Net cash used in investing activities was $2.0 million for the six months ended June 30, 2008 as compared to $266,197 in the six months ended June 30, 2007. During the six months ended June 30, 2008, purchases of fixed assets were $125,682 and $1.9 million comprises bank deposits compared to purchases of fixed assets of $292,762 during the six months ended June 30, 2007.
Net cash used in financing activities was $309,460 for the six months ended June 30, 2008 as compared to $734,003 of net cash used in financing activities for the six months ended June 30, 2007. During the six months ended June 30, 2008, we decreased our short-term debt by $69,361 and we repaid $288,312 of long-term debt.
Most of our large contracts, which are Israeli Governmental contracts, are supported by letters of credit.
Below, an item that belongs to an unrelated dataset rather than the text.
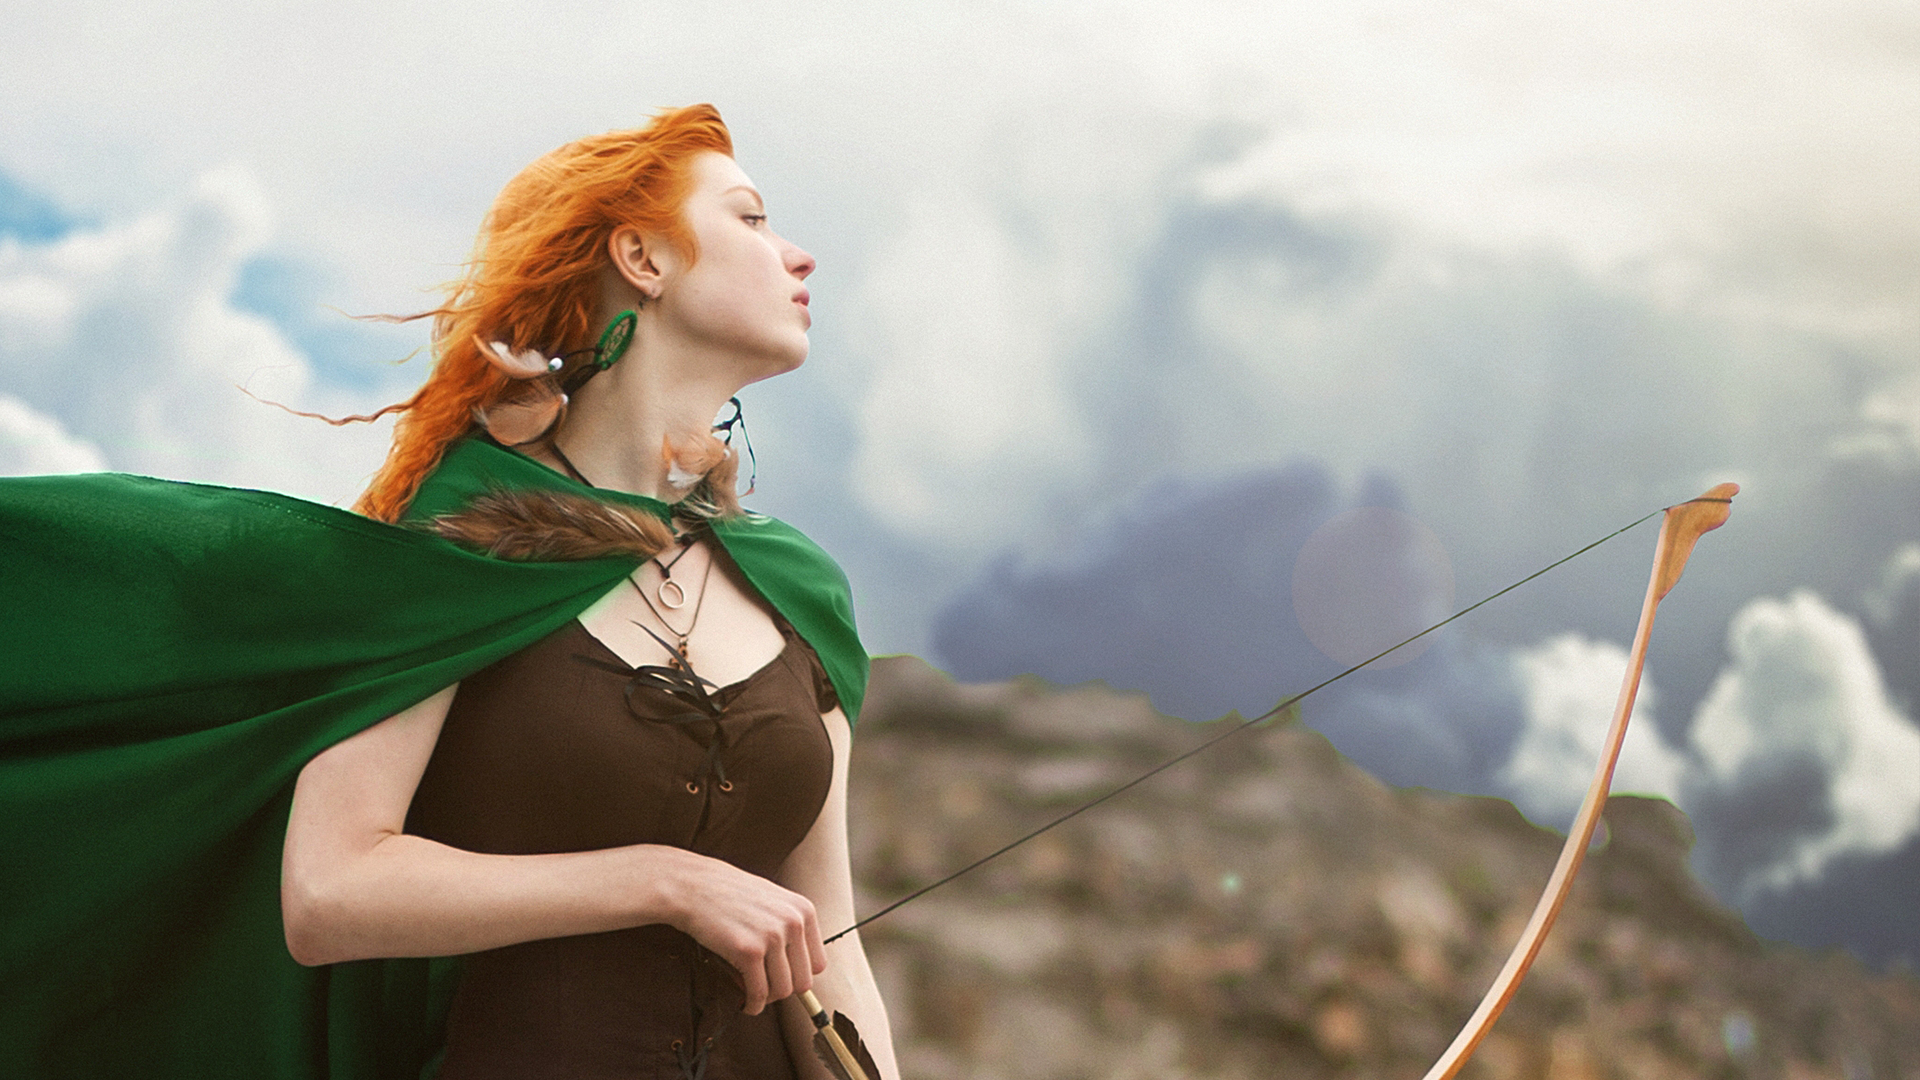 People 1920x1080 women cosplay archery Brave redhead Princess Merida
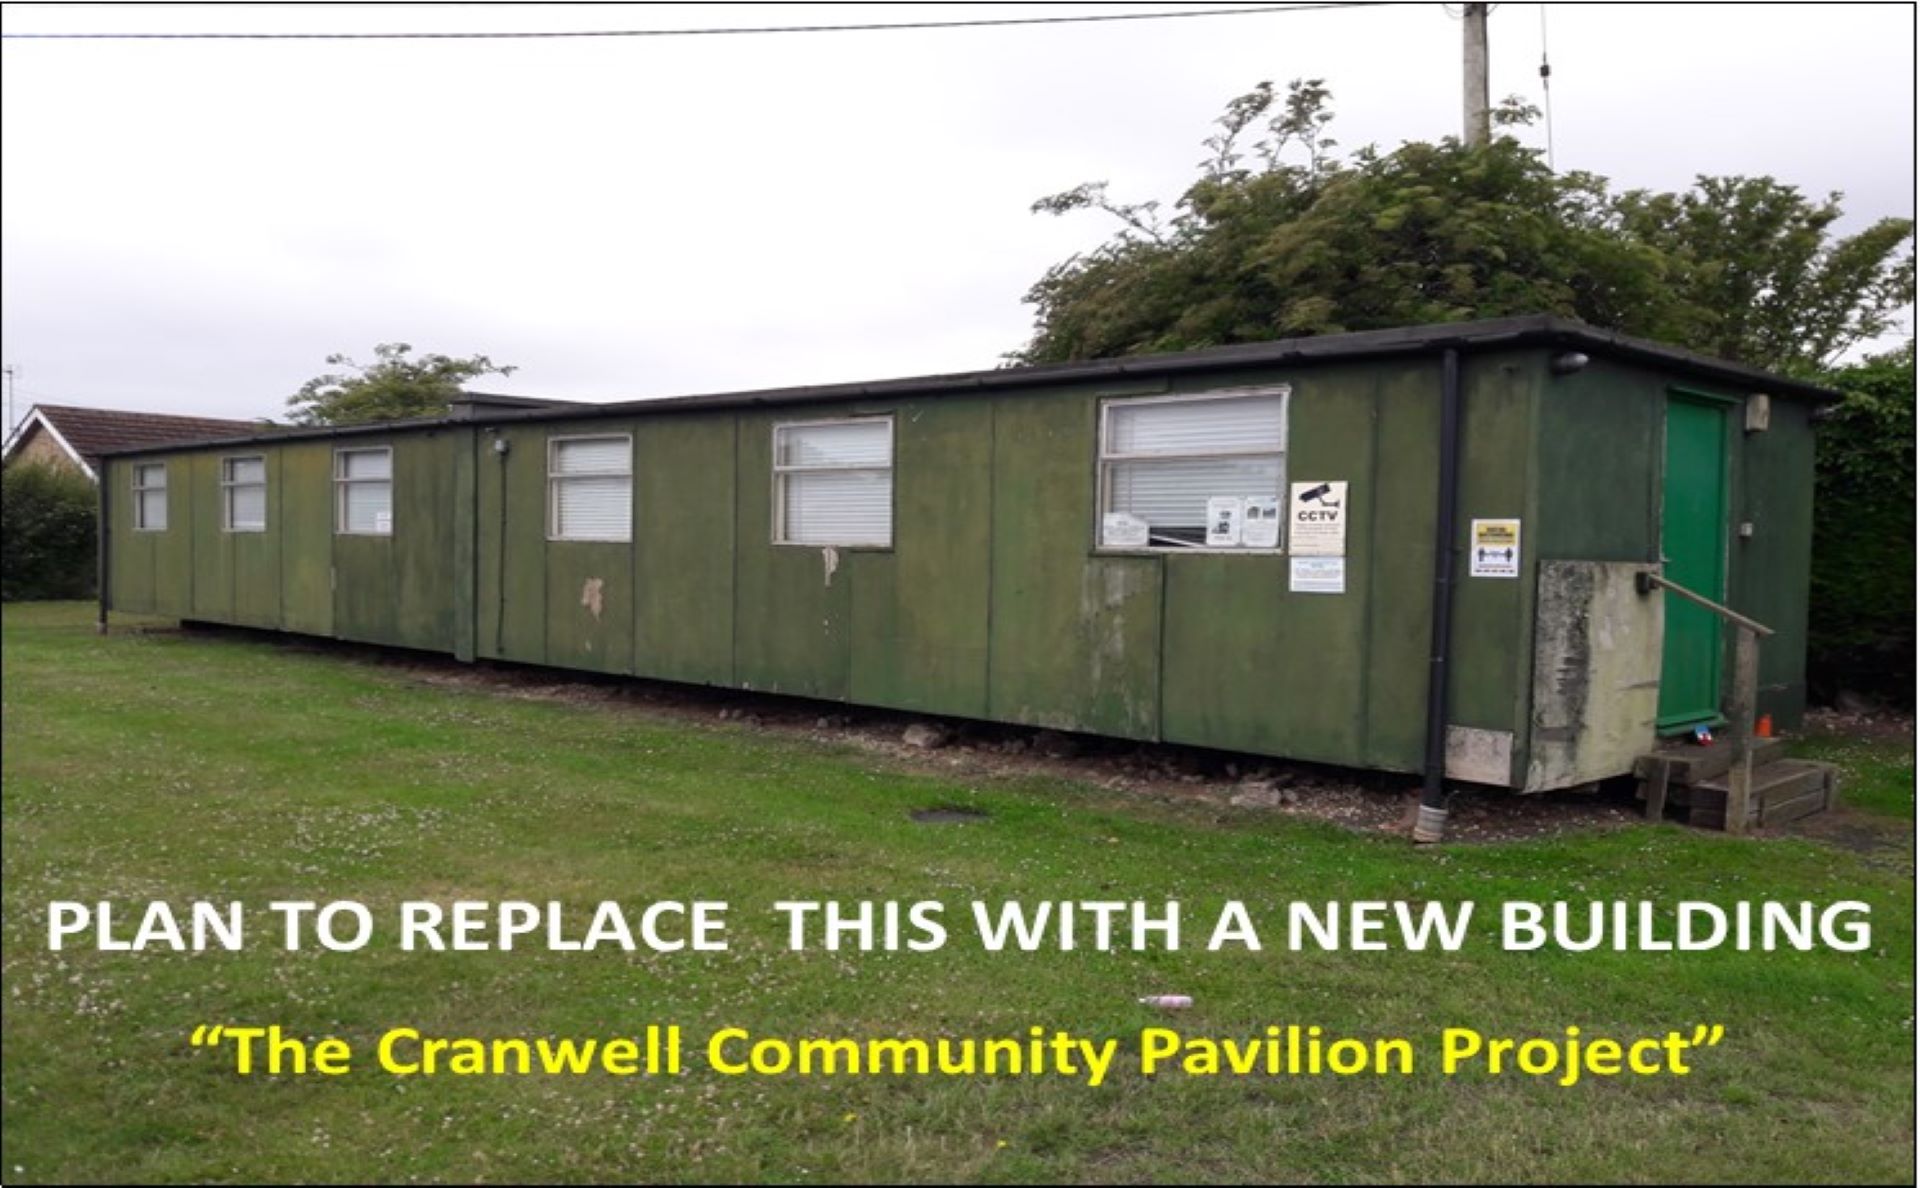 Community Pavilion Project picture resized

As a result, we believe that we have limited exposure to doubtful accounts receivables. We have strived to balance our accounts payable and accounts receivable.
Subject to an unexpected growth in inventories as a result of future growth in sales, new product lines and a significant change in raw material prices, we intend to use our cash flow from operations for the acquisition of companies or equipment to expand our capabilities.
We anticipate that our research and development expenses in 2008 will reflect an annualized spending of approximately $100,000per year.
On January 17, 2008 we obtained a short-term credit facility of $250,000 from Bank Leumi USA. The interest rate for such credit facility is Libor + 2%. The credit facility is due November 17, 2008. As of June 30, 2008 the credit facility was utilized in full. On June 2, 2008 we obtained a short-term credit facility of $250,000 from Bank Leumi USA. The interest rate for such credit facility is Libor + 2%. The credit facility is due December 31, 2008. As of June 30, 2008, the credit facility had not been utilized.
We believe that we have sufficient working capital and borrowing capability to sustain our current level of operations for the next twelve months.
Foreign Currency Exchange Risk
We develop products in Israel and sell them in Israel, North and South America, Asia, Africa and several European countries. Our sales in Israel are denominated in NIS while most of our export sales are denominated in U.S. dollars. In addition, our labor expenses are primarily paid in NIS while our expenses for raw materials are paid in U.S. dollars and Euros. As a result, our financial results are affected by factors such as changes in foreign currency exchange rates or weak economic conditions in foreign markets.
Our foreign currency exposure is significant due to the depreciation of the U.S. dollar versus the NIS and the Euro. We expect it will continue to be significant, since a significant portion of the prices of our material purchases, as well as part of our sales are denominated in U.S. dollars.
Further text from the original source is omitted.